Effect of 3′ dA caps at 3′- or 5′-terminal G-tetrads on the catalytic activity of DNAzymes

In this part, we aimed at exploring how the species of dA caps affect the catalytic activity of DNAzymes by studying various G4s that contain identical terminal G-tetrads but different terminal dAs. Two G-rich DNA strands, AGS55 and AG55, were initially designed. The strands may be able to improve the catalytic activity of G4/hemin DNAzymes since they could form four-stranded G4s containing two 3′-terminal G-tetrads with 3′ dA caps.

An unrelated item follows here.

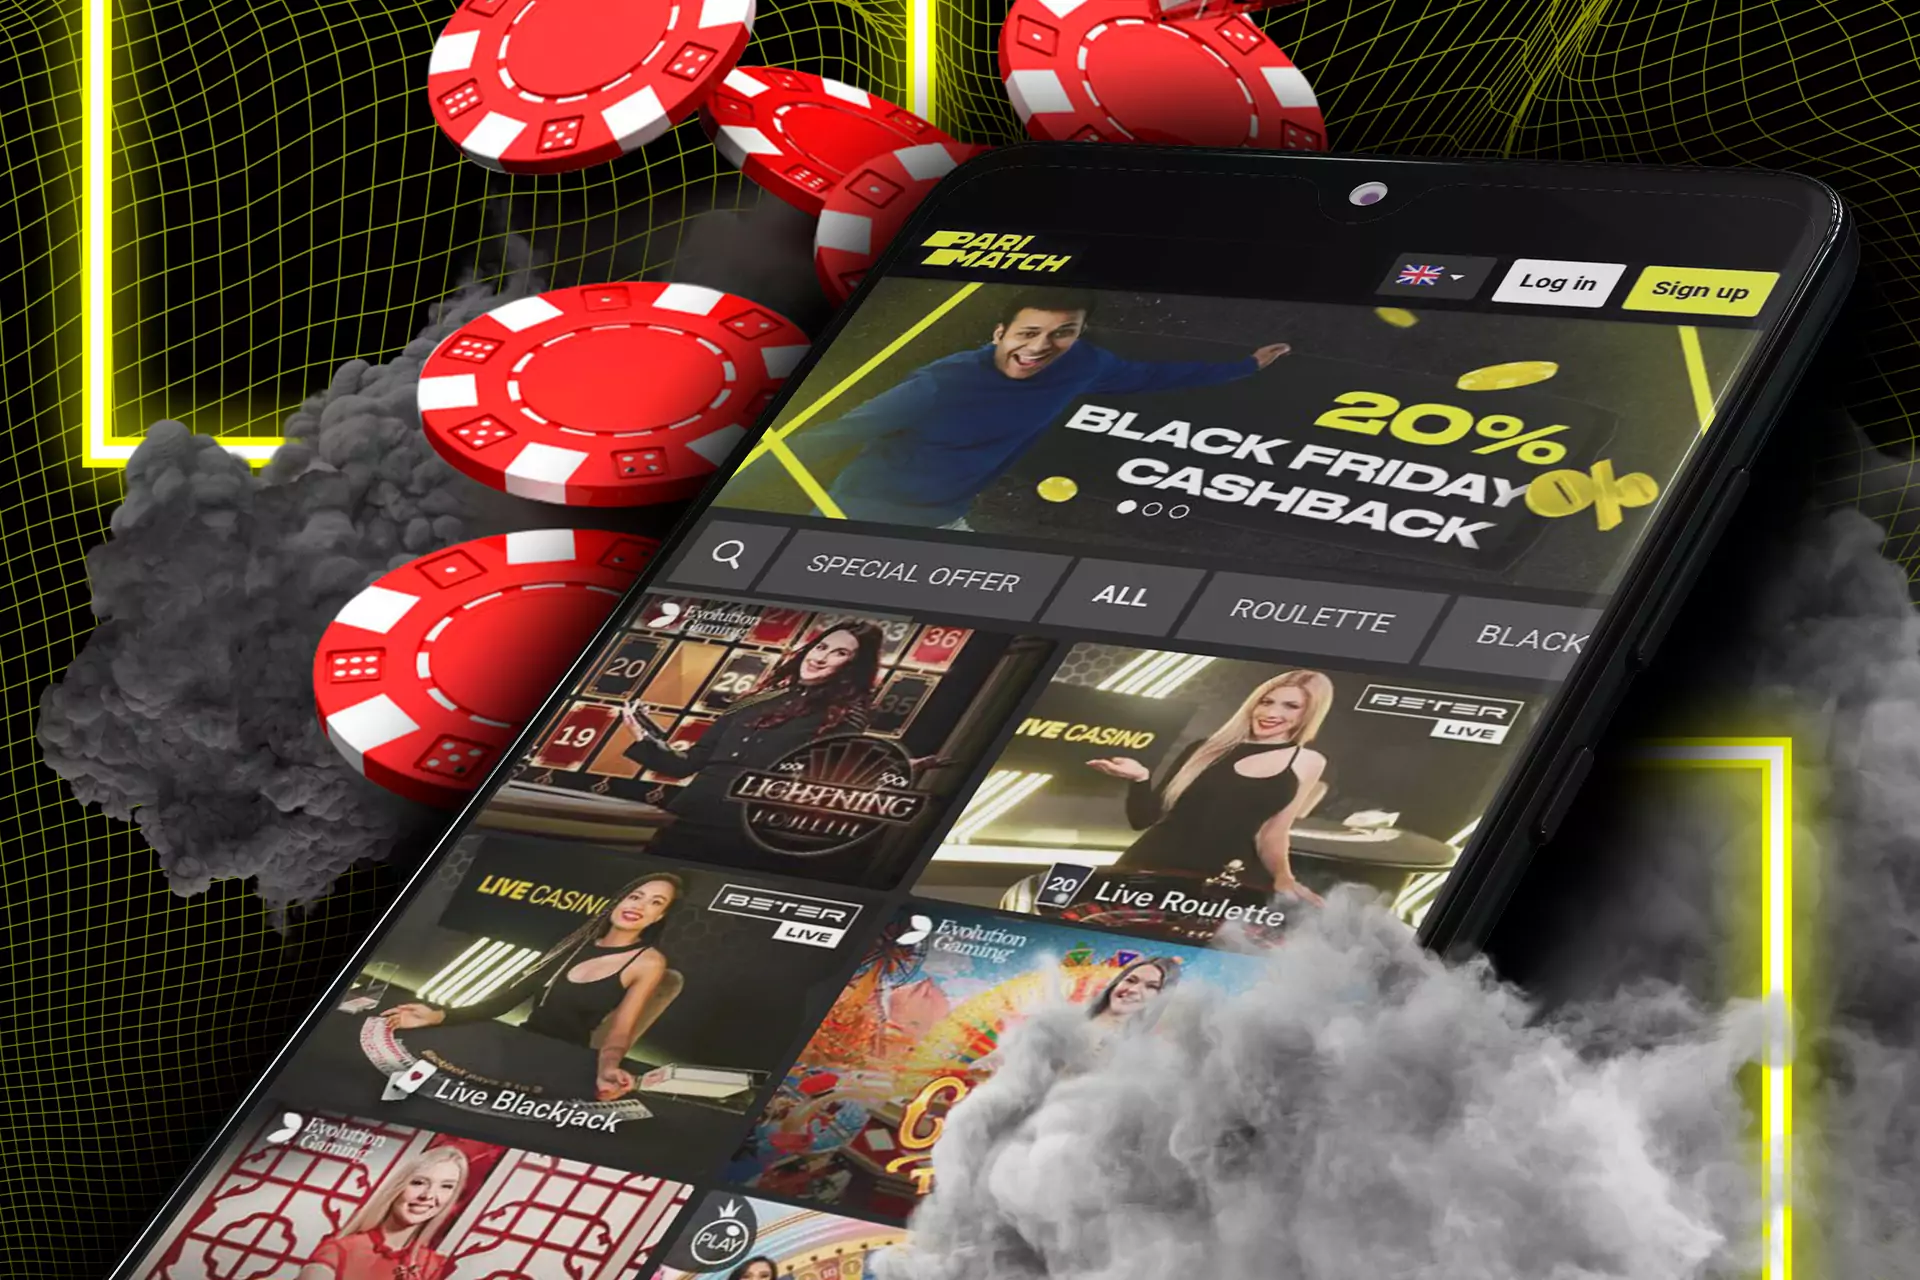 You can download the Parimatch app for your Android device to be able to play casino games from anywhere.

As illustrated in Scheme 3A and B, the G4 formed by AGS55 is a two-layer antiparallel G4 containing two 3′-terminal G-tetrads at each end, while that formed by AG55 is a dimer of two-layer parallel G4s connected by 5′-terminal G-tetrads. To confirm the role of 3′ dA caps in enhancing the catalytic activity, we designed a new G-rich strand, A33G55, which can form a G4 containing two 3′-terminal G-tetrads with 5′ dA caps (Scheme 3C). To explore whether adding 3′ dA caps can increase the enzymatic performance of DNAzymes with 5′-terminal G-tetrads, two strands, A55G33 and AG33, were further designed. And they can assemble into four-stranded G4s containing 5′-terminal G-tetrads with 3′ and 5′ dA caps, respectively (Scheme 3D and E).
image file: d0sc01905d-s3.tif
Scheme 3 Proposed G4 structures formed by (A) AGS55, (B) AG55, (C) A33G55, (D) A55G33, and (E) AG33. The structures contain two 3′- or 5′- terminal G-tetrads. The dGs with dubious conformations are shown in gray. 5′-5′ pIPS and 3′-3′ pIPS indicate inversion of polarity sites of 5′-5′ and 3′-3′ phosphodiester bonds, respectively.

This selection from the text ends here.